I wanted for users to be able to mix and match their runners. You want to use your LXD/Incus cluster as the main workhorse for CPU intensive runners? Set up a pool that targets those providers. You want to spin up a couple of comically large instances in some cloud somewhere? Create a pool that targets EC2/Azure/GCP. You need instances with GPUs or FPGAs attached? Spin up a pool on your OpenStack cloud. All of this from one CLI, using one service that you can easily maintain.

But most importantly, I wanted to make something that is aimed at the ops professionals out there. They are the unsung heroes of the IT world. I wanted to allow anyone to extend GARM. Add any provider using any programming or scripting language that the teams using GARM were familiar with. The only requirement is that the provider is an executable and that it follows the interface defined by GARM.

While the current providers we wrote are all written in Go, that is not a hard requirement. Providers are simple executables. Not binaries, just executables. This was inspired by the CNI system in kubernetes.

Whenever GARM needs to create, delete or just get details about a compute instance in an IaaS somewhere, it will call into an executable with some environment variables, and potentially standard input. The results of the operations GARM defines are expected as standard output.

The early proof of concept Azure and OpenStack providers were actually written in BASH. As you can imagine, those providers are now severely out of date, but the basic concepts have not changed.
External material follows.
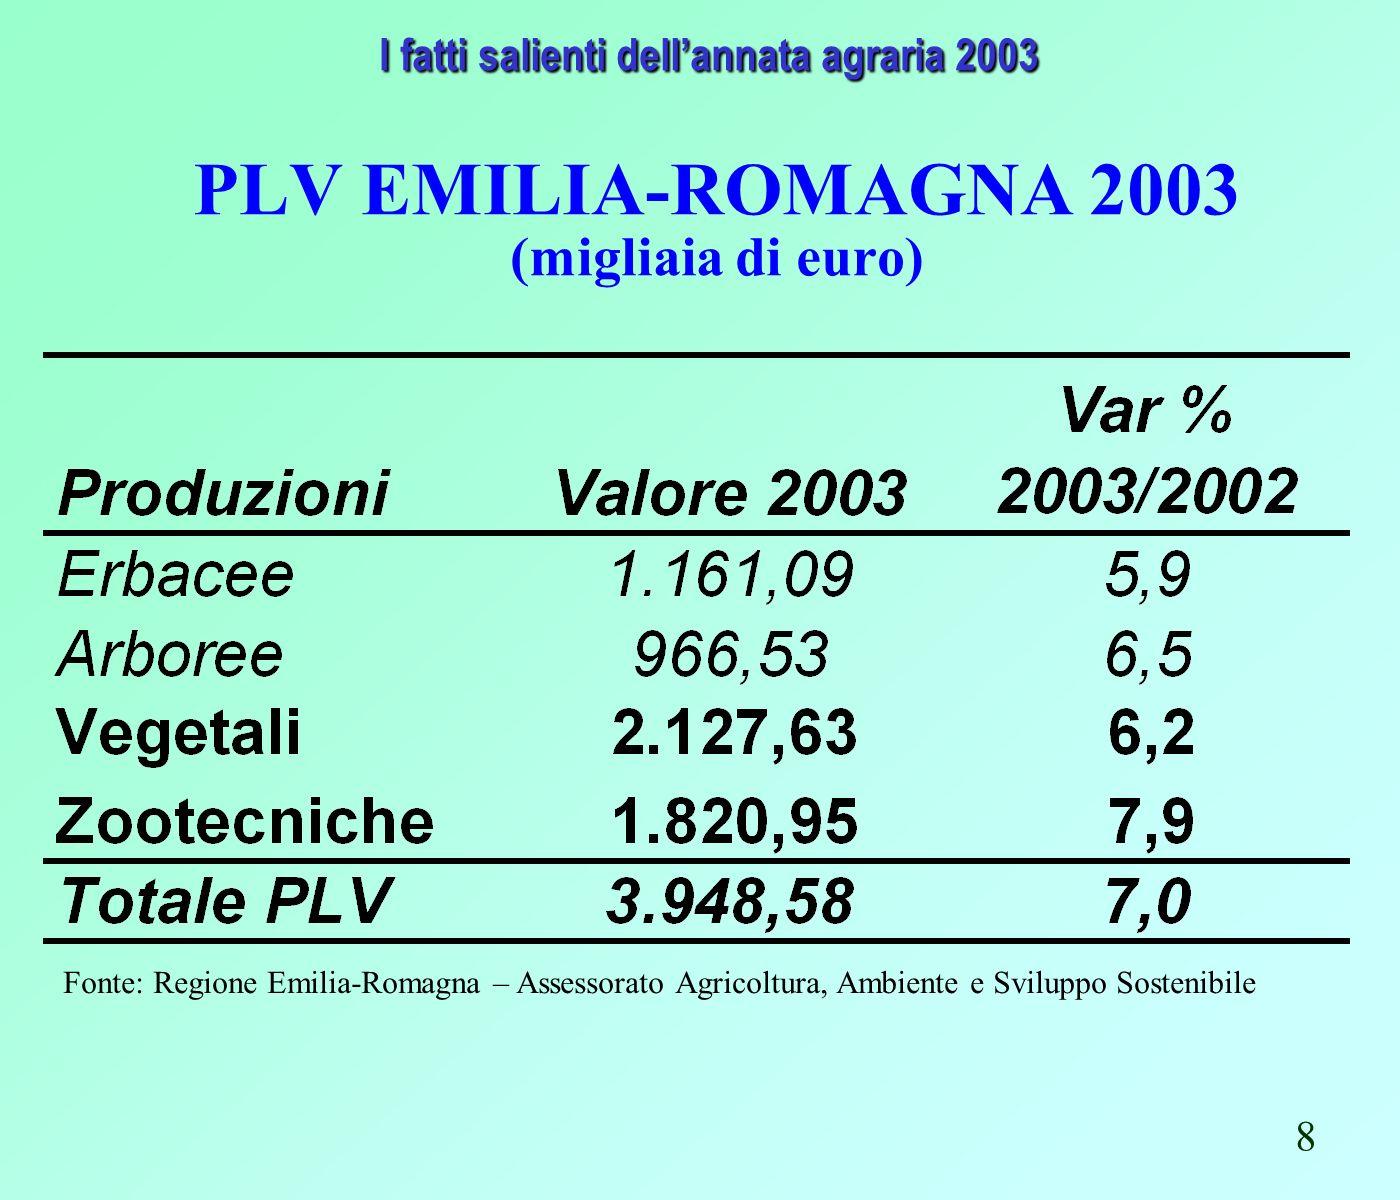 Fonte: Regione Emilia-Romagna – Assessorato Agricoltura, Ambiente e Sviluppo Sostenibile PLV 2003 - (migliaia di euro) Ripartizione percentuale per comparti I fatti salienti dellannata agraria 2003 I fatti salienti dellannata agraria 2003 9

You can still write your own provider using bash.

So if you’ve deployed GARM today and at one point in the future a new IaaS becomes a requirement for your team, it is far easier to write a small BASH provider to hook into it than it is to change your entire stack.

GARM - setting the Dunning-Kruger fueled vision free on the world

As you can imagine, the initial release was much more limited in its scope and supported providers. The first release only had support for LXD. But the bones of the architecture have not changed much since that initial release. Providers are still written in the same way as they were 4 years ago.

But after a few weeks of work and a bunch of test runs, a PR was proposed to wire the github workflow for the flatcar pipeline to self-hosted github runners managed by GARM. And I presented the solution in a “Flatcar Office hours” session.

Looking back, GARM started as an attempt to make a CI pipeline more transparent to external contributors. It eventually became a multi-cloud runner management platform supporting GitHub, GHES, and Gitea. I certainly didn’t set out to build that. But infrastructure projects often start that way: you solve one operational problem, discover three more behind it, and eventually realize you’ve built a product.

I owe the blog more posts about how to actually use it. That’s the next one.